DENVER -- Former U.S. Supreme Court Justice Sandra Day O'Connor is leading the push against the election of judges, saying the process taints jurists who depend on political contributions to keep their places on the bench.
O'Connor, a vocal critic of judicial elections, is teaming with a think tank at the University of Denver, the Institute for the Advancement of the American Legal System, to bring public attention to the issue in the 33 states that elect jurists.
Rather than having judges run for office in much the same way politicians do, O'Connor has said she supports the idea of state commissions of mostly of non-lawyers picking nominees for governors to appoint to the bench.
"A voter goes into the voting booth on Election Day, and they have a long list of races to vote for," O'Connor was quoted by The Associated Press as saying. "When they come to the judges, they don't typically know any of them. How are they supposed to decide?"
Recenlty, O'Connor was the honorary chairwoman of West Virginia Gov. Joe Manchin's Independent Commission on Judicial Reform. She attended a fall meeting of the commission in Morgantown, and she recommended then that the governor appoint judges, rather than holding partisan elections.
O'Connor was the first female member of the U.S. Supreme Court. She served as an Associate Justice from 1981 until her retirement from the high court in 2006. She was appointed by Republican President Ronald Reagan in 1981. Prior to her appointment to the court, O'Connor was an elected judge in Arizona.
The Institute for the Advancement of the American Legal System was founded in 2006 by former Colorado Supreme Court Justice Rebecca Love Kourlis.
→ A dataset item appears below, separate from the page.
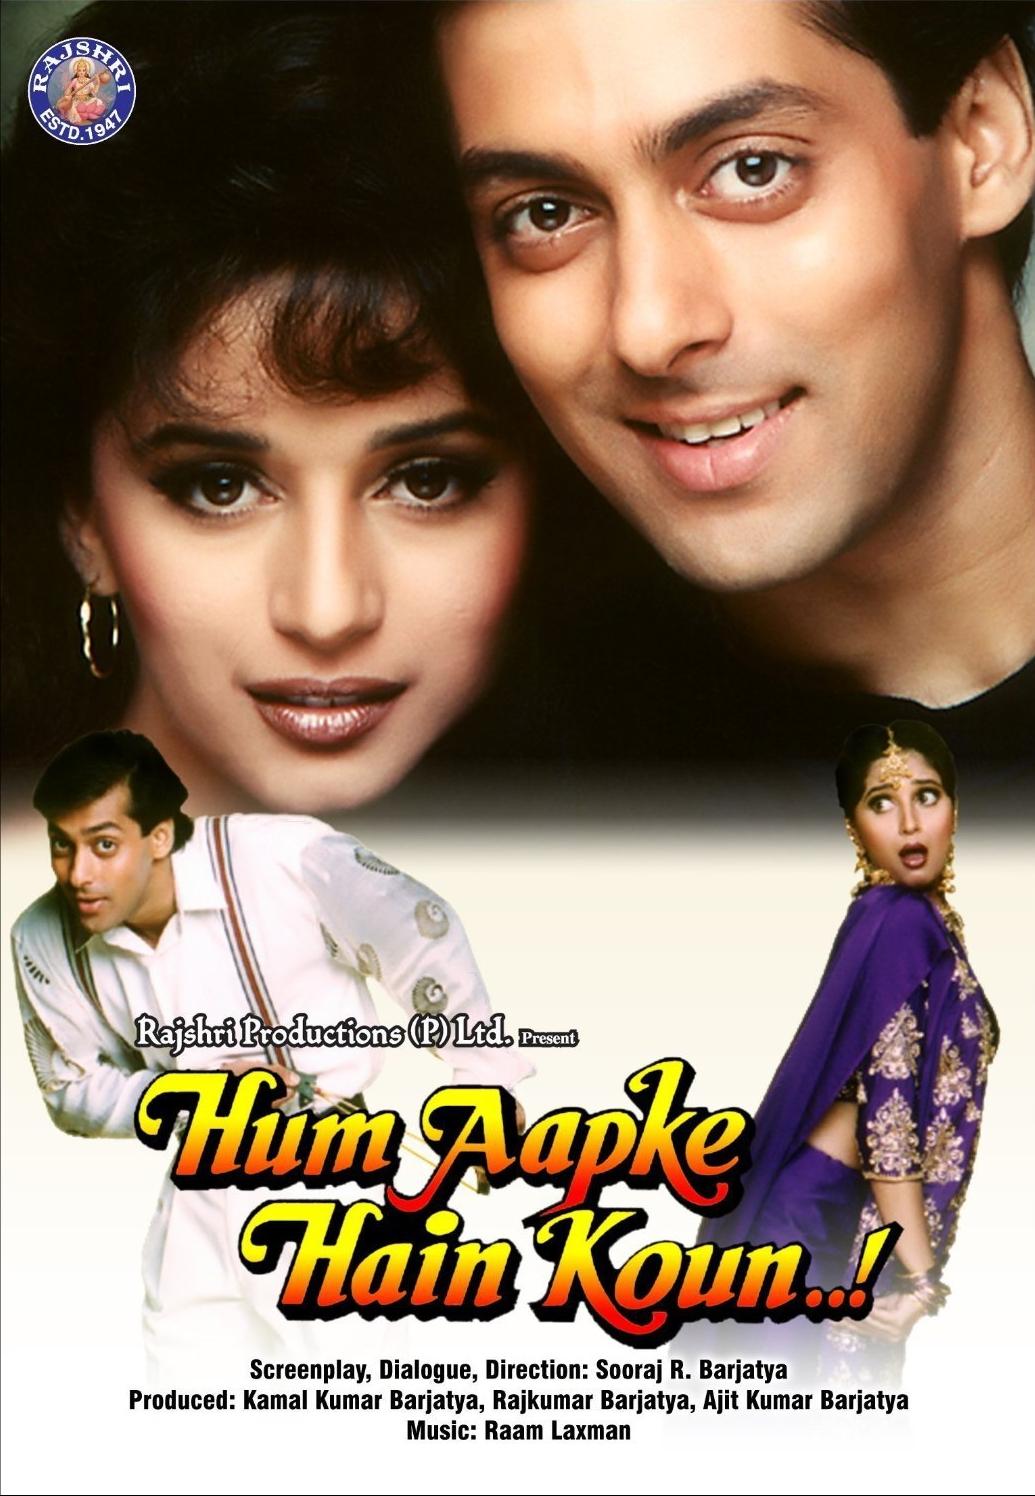 Hum Aapke Hain Koun... narrates the tale of Prem (Salman Khan) and Nisha (Madhuri Dixit), whose paths intertwine as they convene for the first time during the preparations for the wedding of Prem's older brother, Rajesh (Mohnish Behl), and Nisha's elder sister, Pooja (Renuka Shahane).

She will direct the new project, while O'Connor will chair the 11-member advisory committee overseeing the effort, officials said Thursday.
"Thirty-three states elect some portion of their judges, a process that has too often degenerated into a spectacle featuring multimillion dollar campaigns and attack ads," the institute said on its Web site.
The push by O'Connor and others comes as Nevada considers whether to adopt a constitutional amendment to jettison judicial elections and replace them with merit-based selection.
The project's advisory committee, in addition to O'Connor and Kourlis, includes: Texas Chief Justice Wallace Jefferson, Ohio Chief Justice Thomas Moyer, former Arizona Chief Justice Ruth McGregor, former American Bar Association President H. Thomas Wells, League of Women Voters President Mary Wilson, and Meryl Chertoff, director of the Sandra Day O'Connor Project on the State of the Judiciary at Georgetown Law.
Corporate members of the panel include Diane Gates Wallach of Cody Resources, liaison to the institute's board; Ramona Romero, corporate counsel, logistics and energy, at DuPont and Larry Thompson of PepsiCo.